In this embodiment, the super-reference selection method in T6 is grid search, random search, and bayesian search.
After the model deployment is completed, a series of experiments are performed by using a click rate estimation model 100(Deep & Attention Cross Network, DACN) based on feature representation under the Attention mechanism of the invention, wherein a programming environment used when an Attention Cross Network (ACN) in the click rate estimation model 100 is realized is Pycharm, and the version of Python is 3.6. The running environment of the experiment is Core i7 CPU, 32GB memory and Linux operating system. The data set for the experiment was from real click data of Criteo Lab and movie reviews data of MovieLens. Model evaluation was performed using two indices: AUC and Logloss, which evaluate the performance of the model from different levels.
Experiments compare a novel characteristic Cross Network DACN (Deep & Attention Cross Network) which realizes the combination of explicit type and implicit type, namely the invention, with LR (logical regression), DNN, FM (differentiation mechanisms), Wide & Deep, DCN (Deep & Cross Network) and Deep FM. As mentioned above, these models are currently the mainstream and industry-validated click-through rate prediction models. Since DACN aims at extracting feature combinations through models, we will not perform any artificial feature engineering on the original features as control variables.

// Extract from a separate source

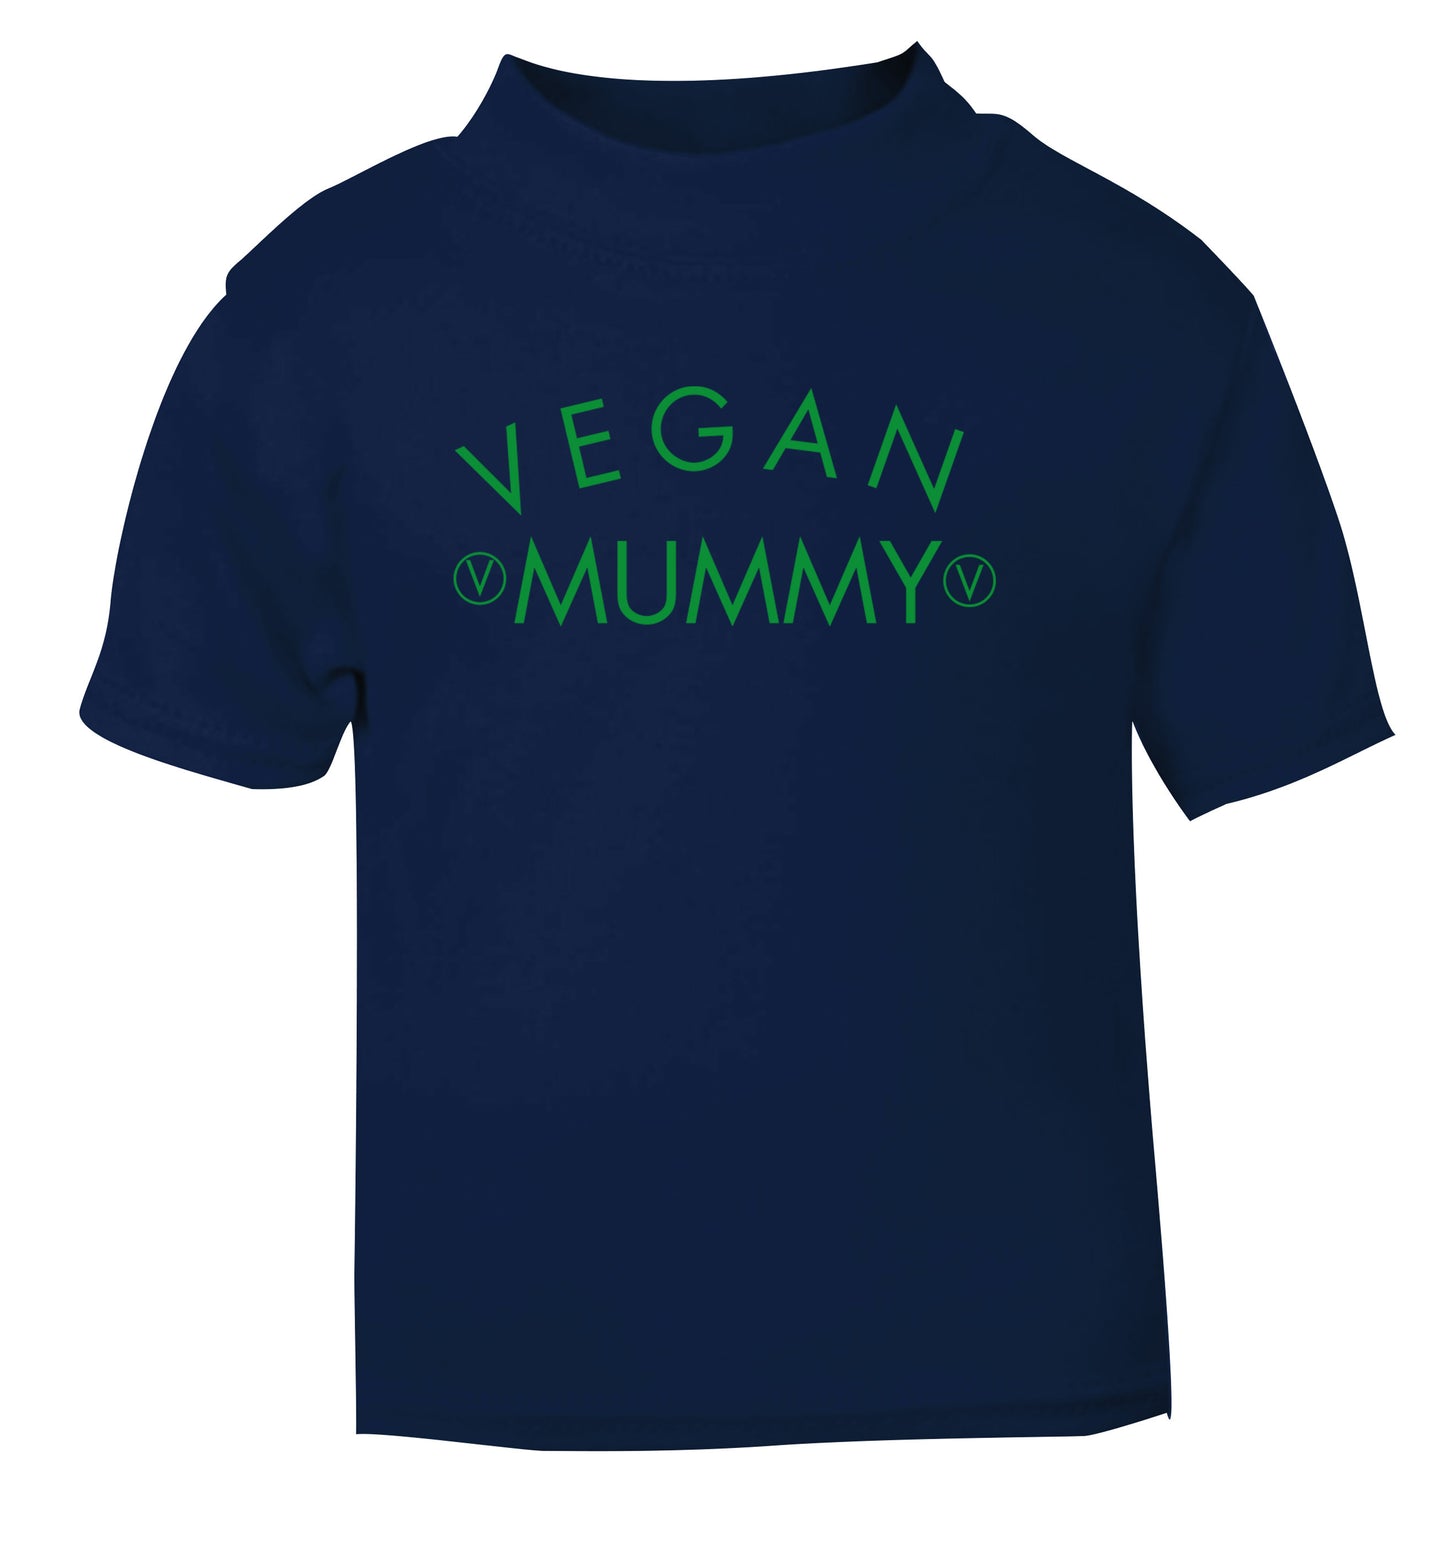 Vegan mummy navy Baby Toddler Tshirt 2 Years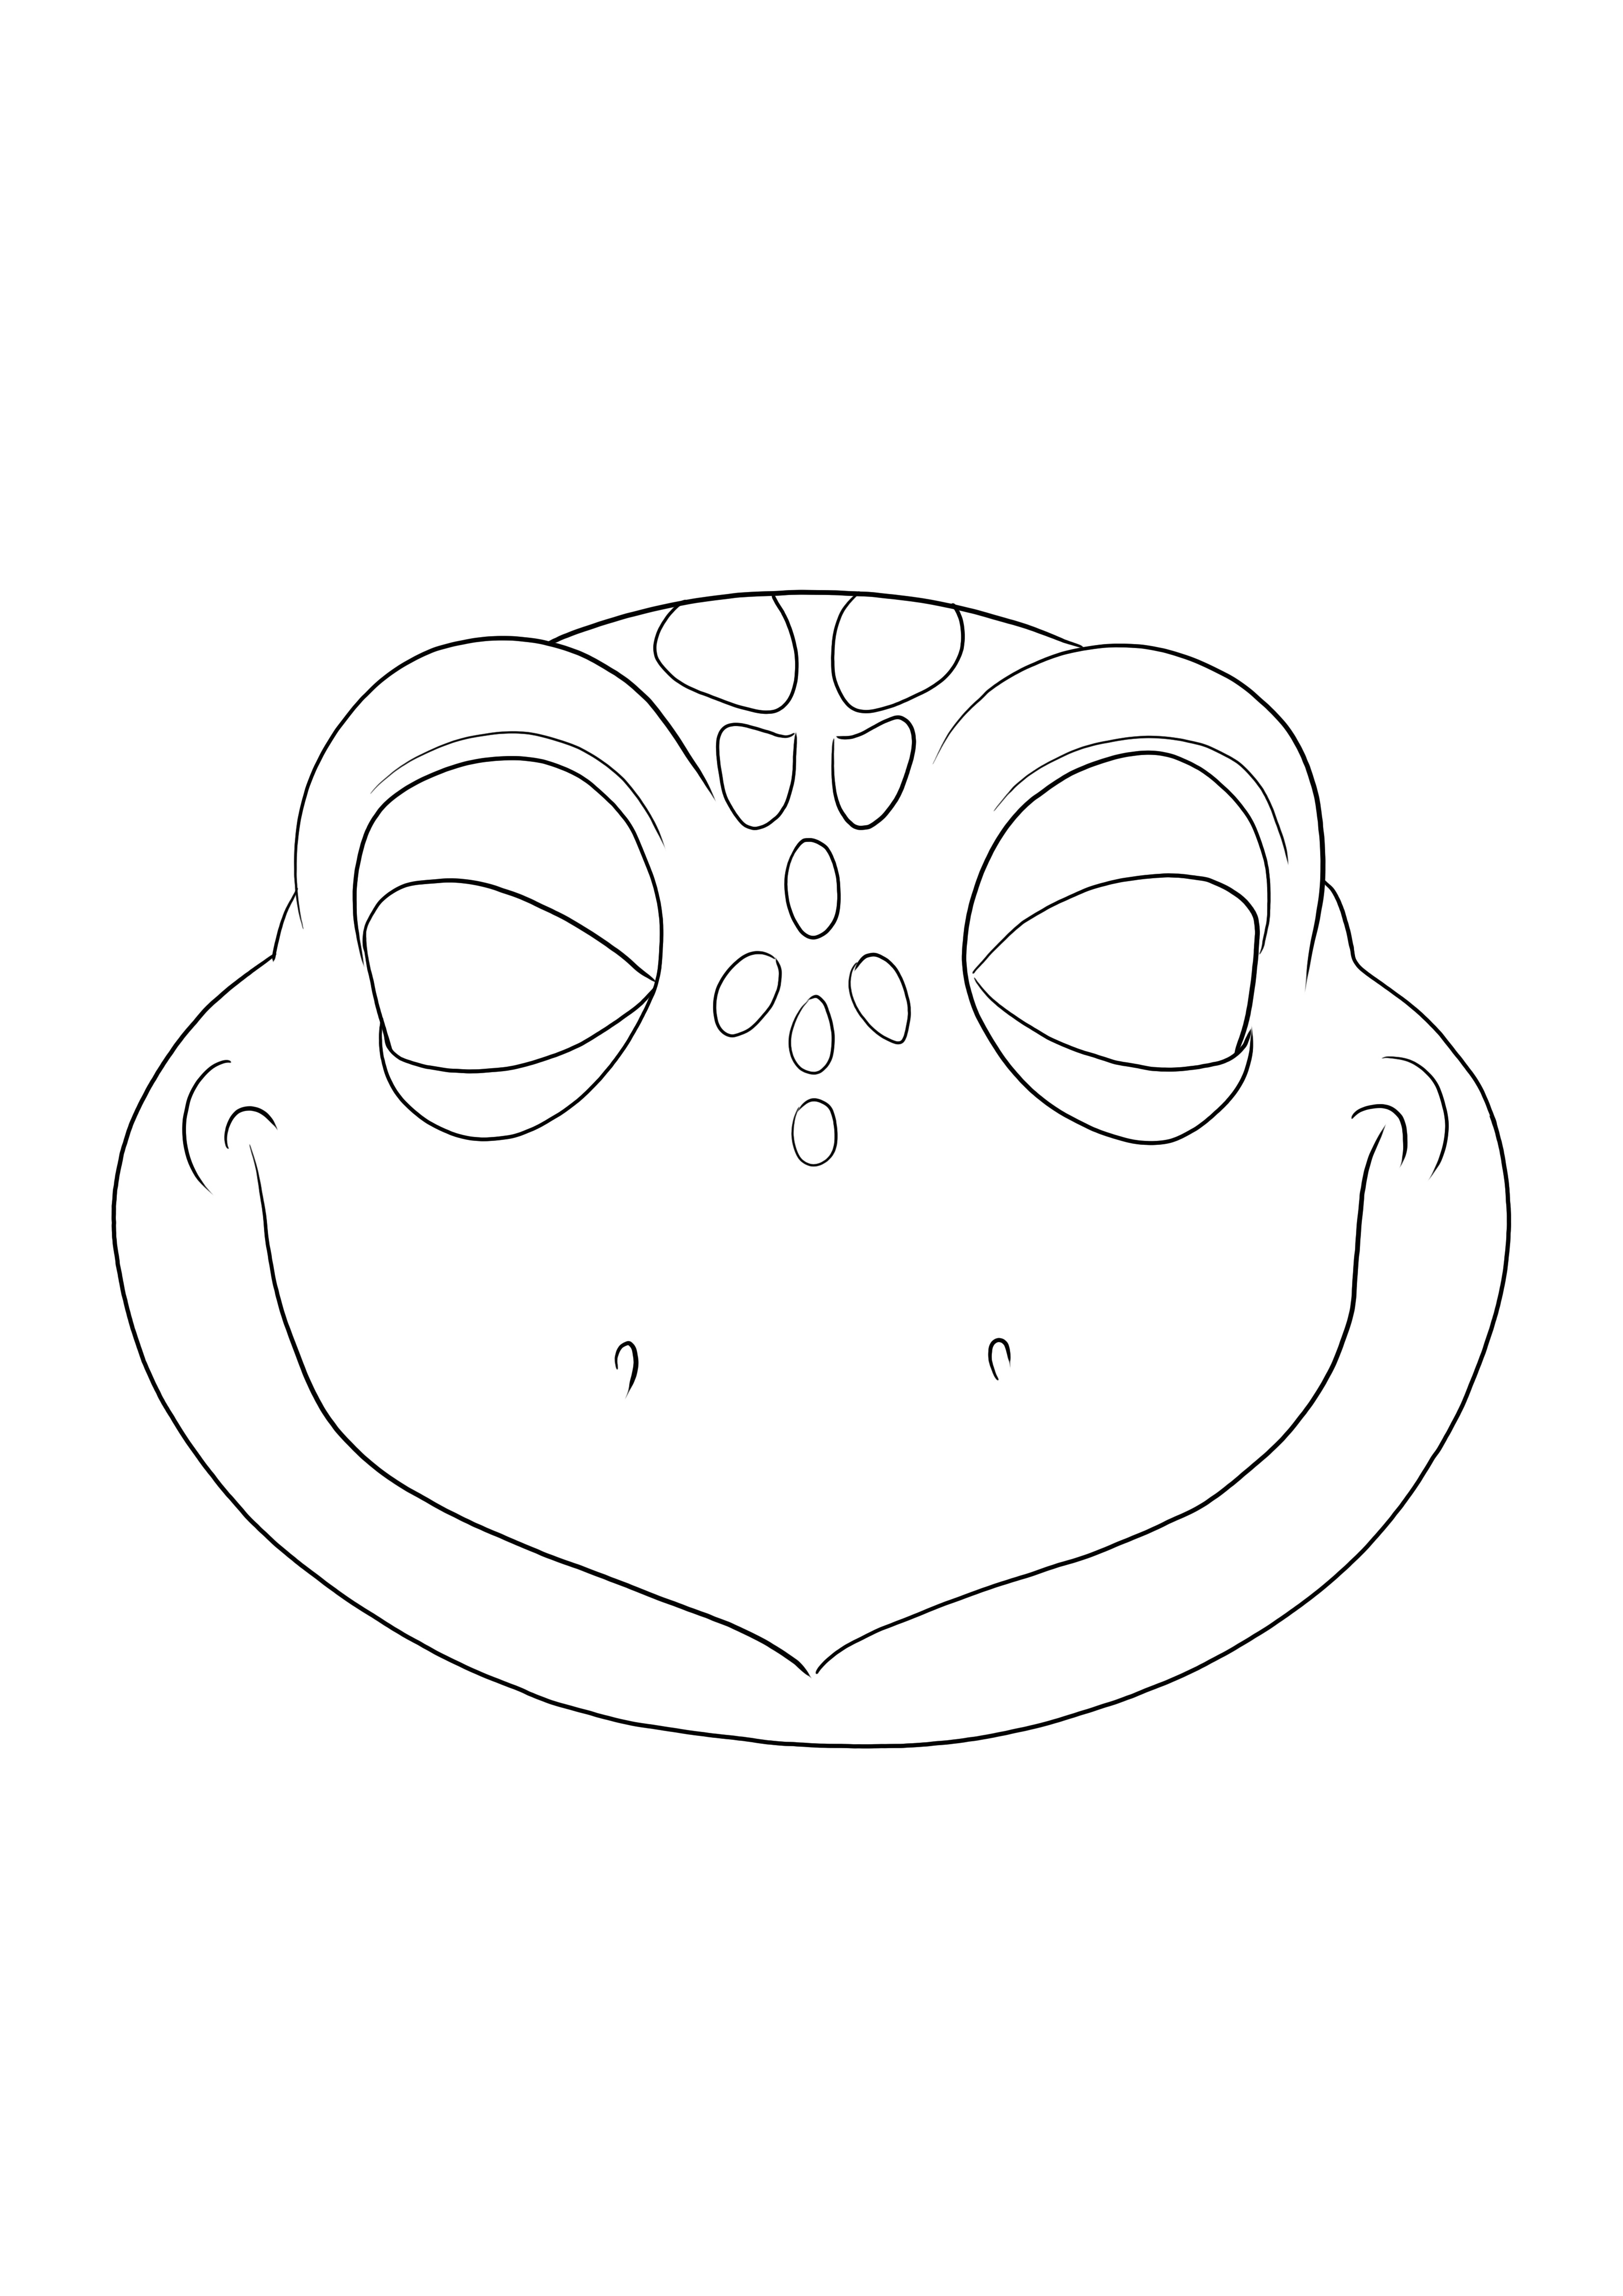 Folha para colorir de uma Máscara de Tartaruga para imprimir ou baixar grátis

DACN is implemented herein on TensorFlow. Performing data normalization on the dense features using a logarithmic transformation; for class type features, the features are embedded into a length of 6 × dimension1/4In dense vectors of (c); using an Adam optimizer, a Mini-Batch stochastic gradient descent is employed, with Batch size set to 512 and the DNN network setting Batch normalization. For the comparative model, the parameter settings in PNN for FNN and PNN were followed. The DNN module is provided with Dropout of 0.5, the network structure is set as 400-400, the optimization algorithm adopts Mini-batch gradient descent based on Adam, the activation function uniformly uses Relu, the embedding dimension of FM is set as 10, and the rest of the model is set to be consistent with DACN.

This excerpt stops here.